I’ve
been living in a bubble. This past week
the bubble broke. And when I write, “broke”
I mean “exploded”.
There’s
been a gap between the last paper I wrote and getting the reading list for my
next school module. It’s been like a rumination
bubble. I’m still digesting the trip to
Egypt, Jordan and Israel. But this week
my new reading list arrived for just one of my classes in the upcoming module. As I looked over the list my first thought
was, “I should’ve started on this last year…”
My second thought was about how much I’ll miss my friend Kim’s reading
spreadsheet.
I’m
excited about the books as we’re going back to the beginning and reading from
the first few hundred years of the Church.
It’s something I’ve dabbled in but now I’m forced to actually dig in and
read for content, not just quotes. I
know it will be rich and my facebook status will be full of one liners from
dead saints who were closer in time to Jesus than I am to the Mayflower.
My
bubble has also been living in a job that was literally made for me. This past week I resigned from the senior
pastor role here at the church I helped plant a decade ago. I left a cushy job to come to this one and
now I’ve quit this amazing job to load a u-haul truck and embark on a whole new
pilgrimage.
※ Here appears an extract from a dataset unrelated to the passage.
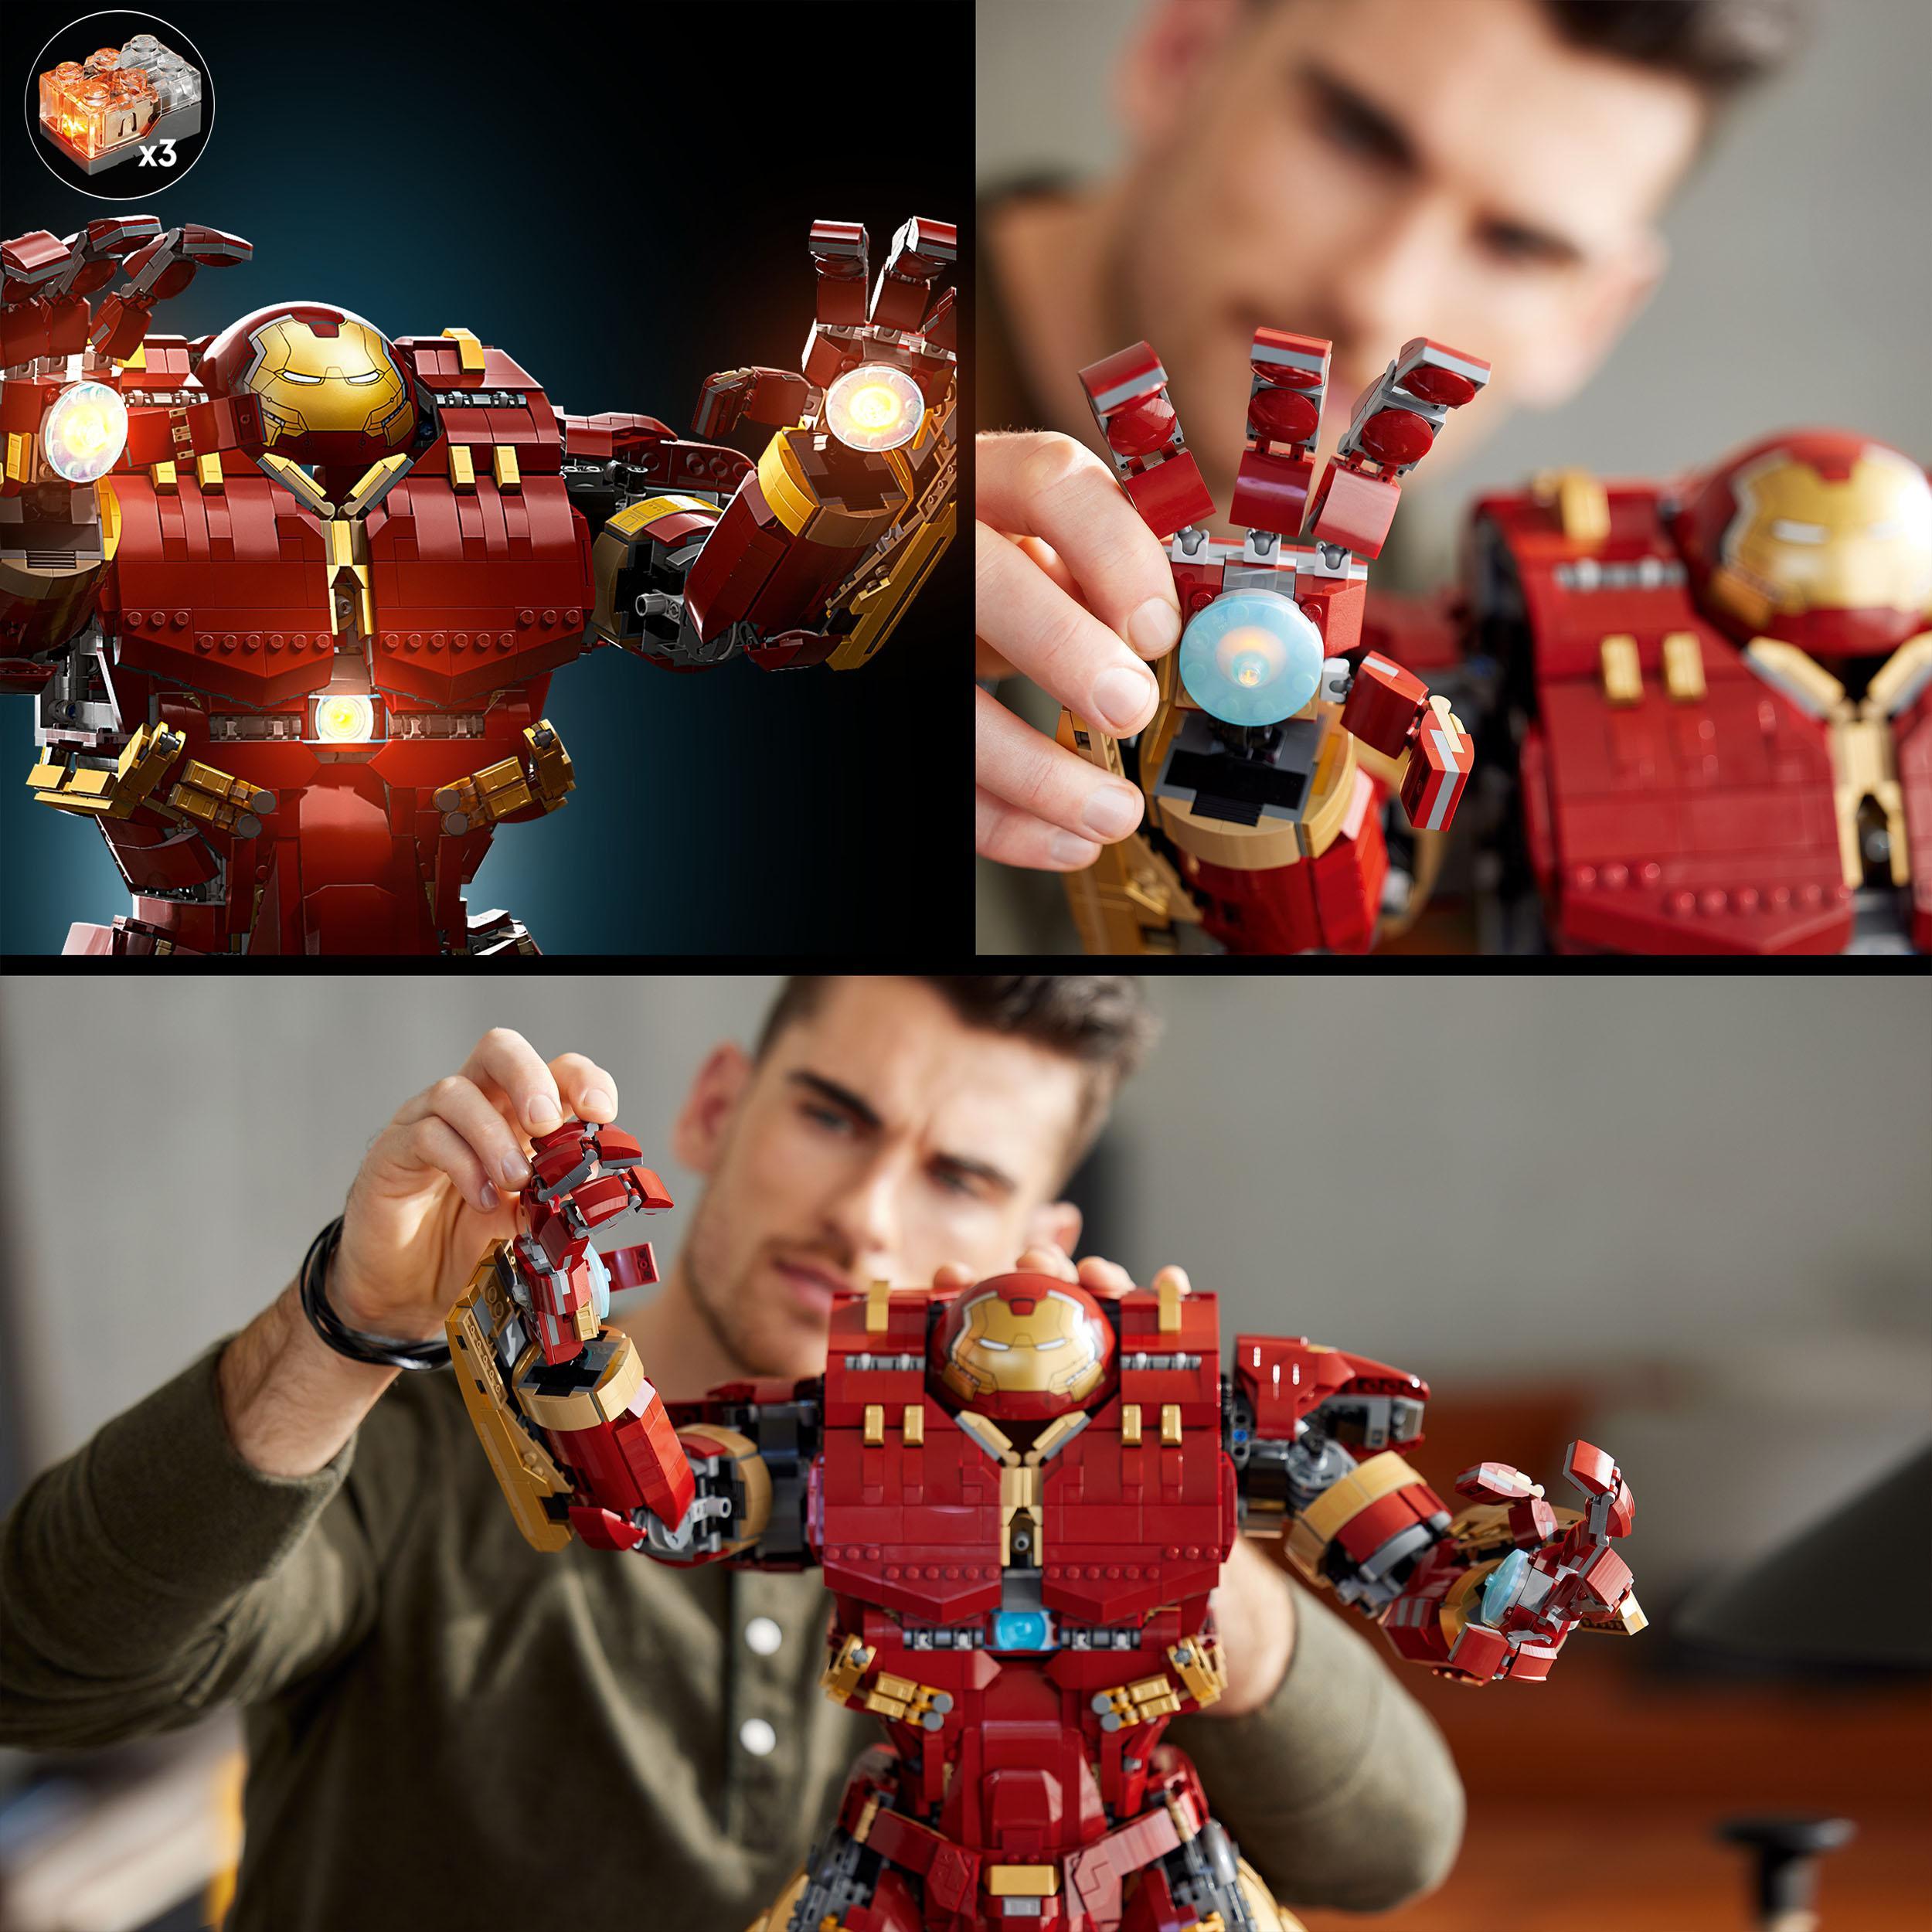 Lego marvel 76210 hulkbuster, grande mech mk44 del supereroe iron man da avengers age of ultron con minifigure di tony stark - LEGO SUPER HEROES, Avengers

As you may or may not have
heard, the Elusive and I will be moving to Raleigh, North Carolina where I will
become the senior pastor at the Raleigh Vineyard.
I
have never been more excited, terrified, happy, sad, confident and feeling inadequate
in my life! I’ve never felt a greater
opportunity for an epic fail than I feel with this new adventure! I’ve also never felt a greater opportunity to
see God do amazing things in me and for me to do in Him than I do right
now. It’s an amazing group of leaders and friends that we’re saying “later” to here (not good-bye) and an incredible group of leaders and new friends we’re
joining there.
The Elusive and I have never had an experience where God gave us so many assurances and signs that we were right where we were supposed to be. There were nudges, words, dreams, visions, "coincidences" and most of all a deep connection of the heart and spirit. And that scares me too. Often such clarity comes for a reason.
This
explosion actually started back in my first module as God increased the
internal pressure in the prayer exercises and discussions. I’m hoping the two remaining modules will
help re-order my interior world for the rest of the journey ahead. I’ve still got a lot to learn but I’ve
learned in all this that it’s best not to limit God either by expectation or by
previous experience. May God increase the internal of whatever bubble you've been floating in for the greater things that are yet to come!